Microsoft Extends the Media Center PC You Have Permission To Not Put the Computer in Your Living Room Eric Grevstad
Mon 1/12/04 -- In November 2002, Microsoft launched Windows XP Media Center Edition -- a software platform that turned the home PC into a hub for digital entertainment ranging from DVD movies and digital-music playlists to digital-photo slide shows and TV viewing and recording. The software giant also touted the Smart Display, a second, wirelessly connected LCD monitor that consumers could carry to other rooms of the house to surf the Web, check e-mail, or peruse digital pictures.
Today, the Smart Display is dead as a doornail; nobody wanted to pay $1,000-plus for a dumb, diskless touch screen when they could access the desktop via a far more functional, wirelessly networked notebook or Tablet PC. And for all the hype about the Media Center as a "living-room PC," the home computer is still usually found in the den or family room, not in the living room alongside the TV.
But Microsoft is still keen on connecting the two.
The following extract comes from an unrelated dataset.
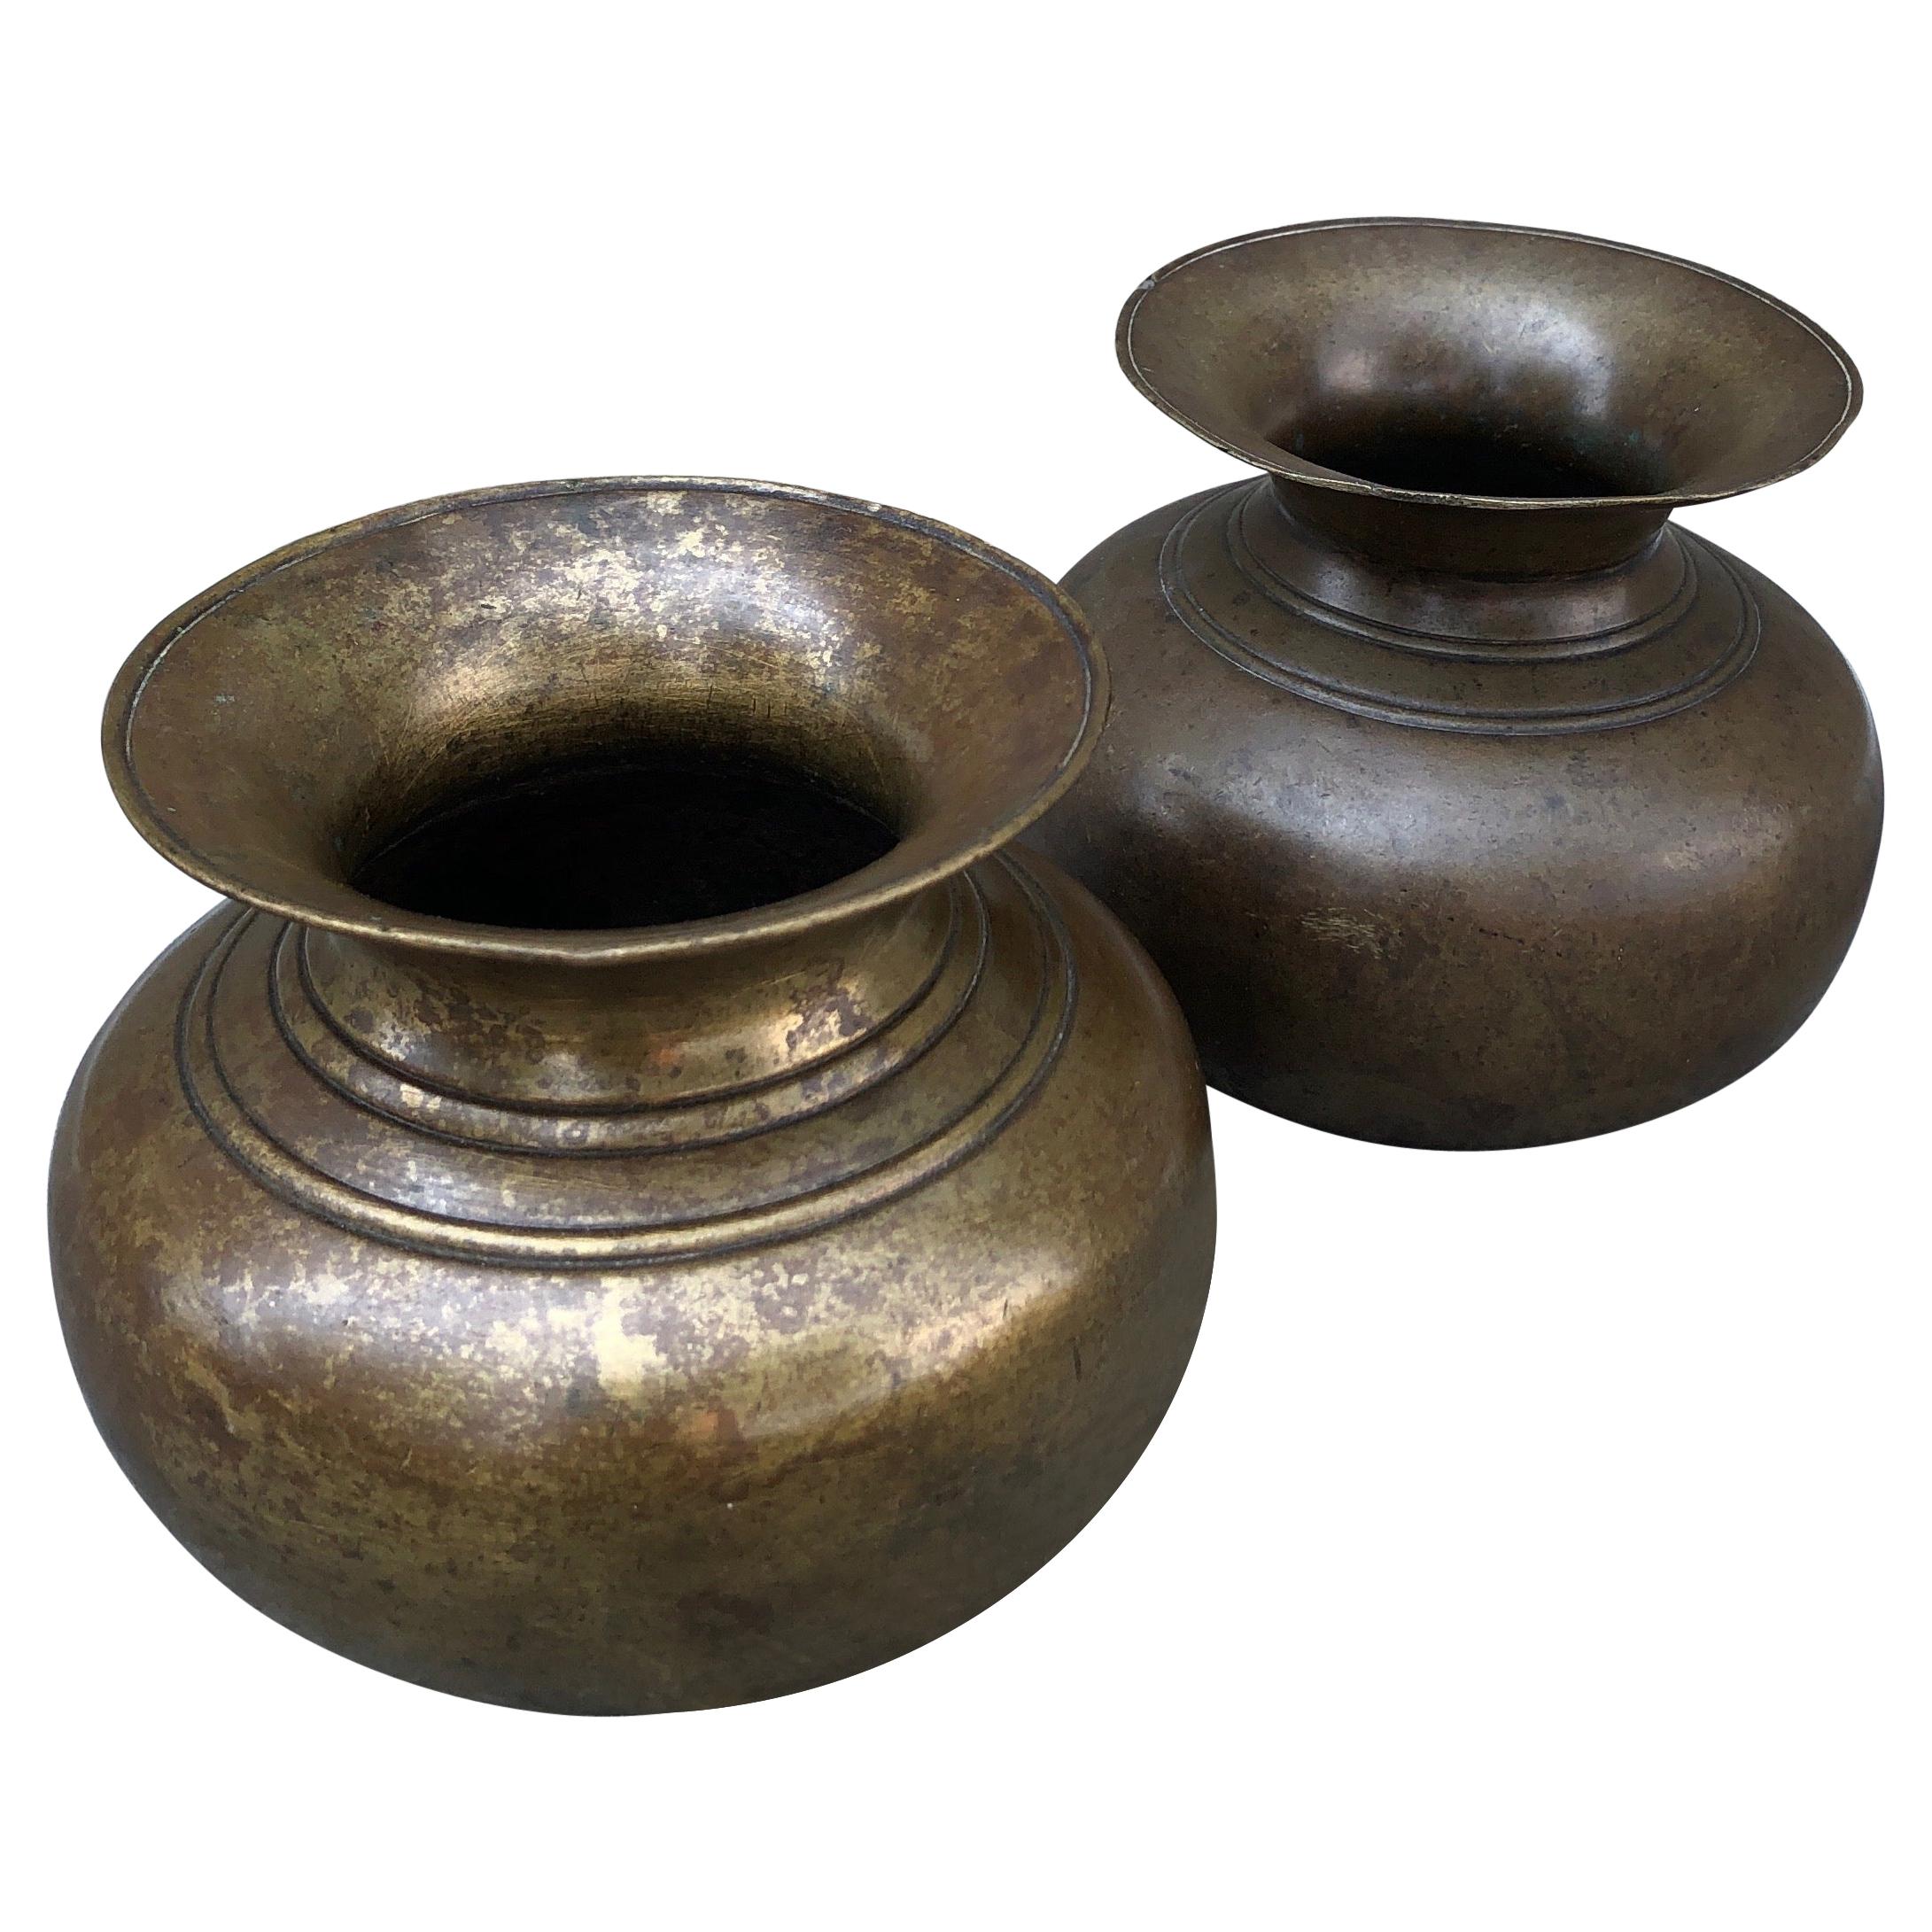 Récipients à eau Sainte en bronze ancien provenant du Népal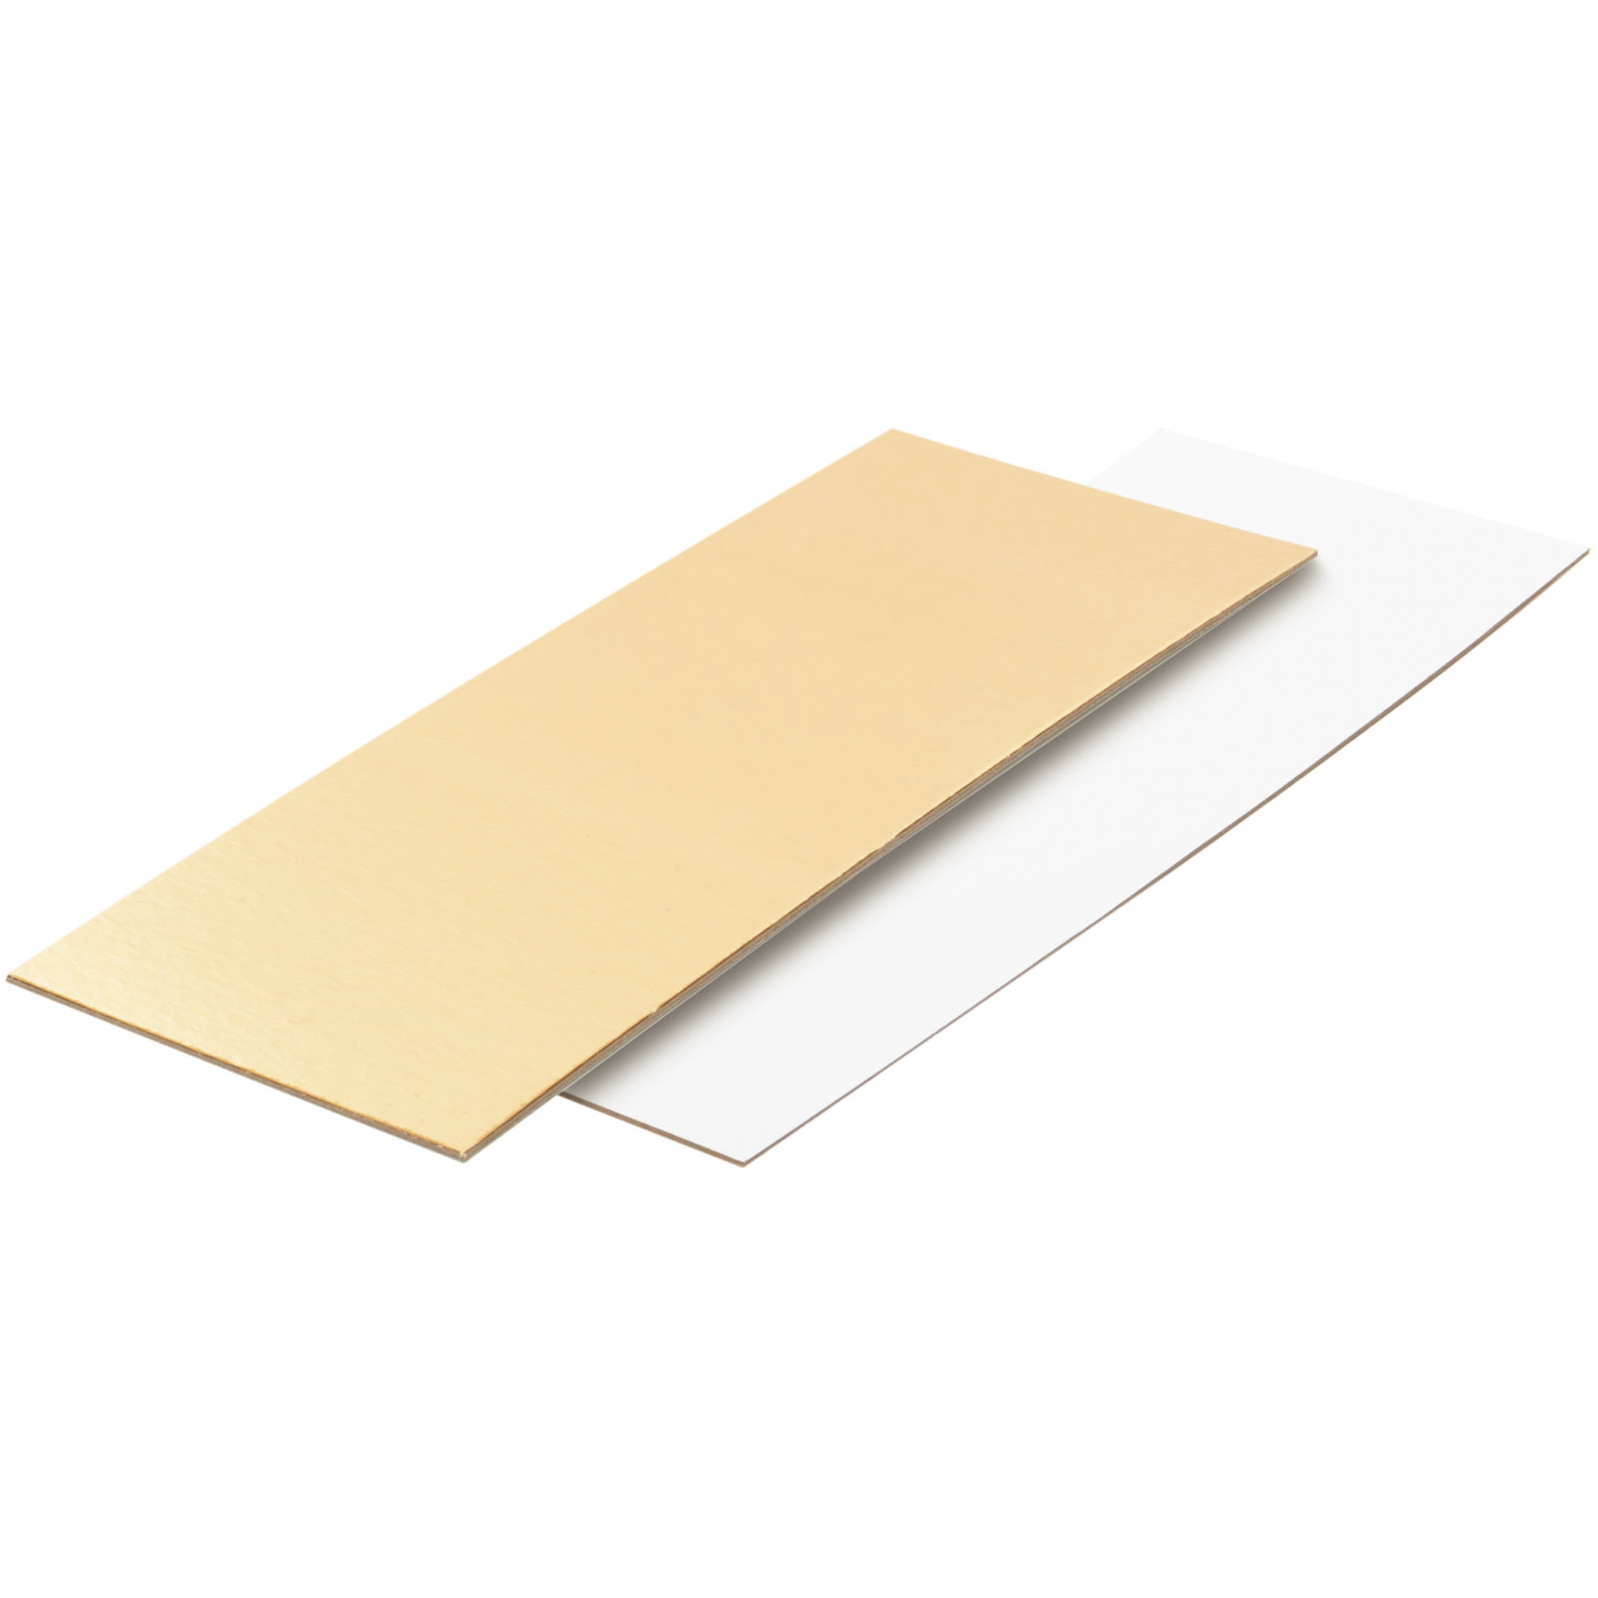 Подложка для рулета прямоугольная Золото/Белая 29,5х10,8 см, толщина 1,5 мм  | Фото — Магазин Andy Chef  1

At last week's Consumer Electronics Show (CES) keynote in Las Vegas, chairman Bill Gates introduced the company's latest bid to own the home: Windows Media Center Extender Technology.
PC Meets TV Meets Xbox
Media Center Extenders are part of Microsoft's new mantra of "seamless computing" -- user-friendly ways to extend digital music, photos, and videos from the PC to a variety of home and handheld devices. Specifically, they let consumers access the Media Center PC's content library -- listening to music or looking at digital photos or a recorded TV show -- on any TV in the home. Several Extenders can access the PC simultaneously, even while the latter is being used by another family member.
One Media Center Extender will connect the Media Center PC directly to a TV set; another to a set-top box which in turn is connected to the TV; and a third, consisting of a special remote control plus DVD-based software, to a Microsoft Xbox game console which in turn etc.
By the 2004 holiday season, Microsoft promises, partners such as Gateway, Dell, HP, Samsung, and Alienware will be selling TVs and set-top boxes (and Microsoft will presumably be selling Xboxes) with Media Center Extender Technology built in, eliminating the need for an in-between device -- and bringing the price premium down from the $150-to-$200 range to something under $50.
Any Room of the House, Or Outside the House
The "seamless computing" checklist also includes Windows Media Connect, a standard protocol for consumer electronics devices -- presumably other than TVs -- to access digital content stored on a Windows XP computer over a home network. Microsoft touts this as applying to "digital media receivers" built by vendors like Creative Labs, Toshiba, Mediabolic, Roku, and Arcadyan Technology Corp., and has lined up Napster, MusicNow, and Launch Music on Yahoo to endorse the technology for their respective digital music libraries and digital rights management implementations.
Napster also joins CinemaNow in backing Microsoft's new Portable Media Center spec, a Tablet PC-style platform or reference design that uses the software titan's Windows Media Audio and Video 9 compression and copy-protection scheme to store and Intel's XScale processor to play music, photos, and videos on a handheld, LCD-screened successor to today's MP3 audio players.
Creative showed prototypes of its Zen Portable Media Center at CES, and other firms including Sanyo, Samsung, ViewSonic, and Gateway are signed up to offer the gadgets in the second half of 2004. Microsoft says a Portable Media Center with 40GB of storage will be able to hold up to 175 hours of video, 10,000 songs, or as many as 100,000 pictures.
It's Beginning To Look a Lot Like (Next) Christmas
It seems clear the 2004 holiday season will be crowded with both Media Center PCs and Media Center-networkable or -downloadable devices ranging from set-top boxes to rack- or stackable receivers and handheld players. It's also clear that Microsoft wants its audio and video formats to replace today's digital standards, whether the MP3 of Apple's iPod or the MPEG-2 and MPEG-4 of current and proposed DVDs (yet another CES announcement touted the delivery of the recent surfing documentary Step Into Liquid and 15 other higher-than-DVD-definition, surround-sound movies on Windows Media 9 discs for Media Center PCs).
What's not clear, however, is whether even mighty Microsoft can prevail in setting a standard: With HP and Apple taking advantage of CES to announce the former's licensing of the latter's iPod, and everyone from consumer groups to Congress clashing over the "fair use" implications of the RIAA's and MPAA's digital-rights denial of consumers' unfettered right to transfer the music and movies they buy onto the devices they own, the brave new world of digital entertainment continues to look like a dangerous place.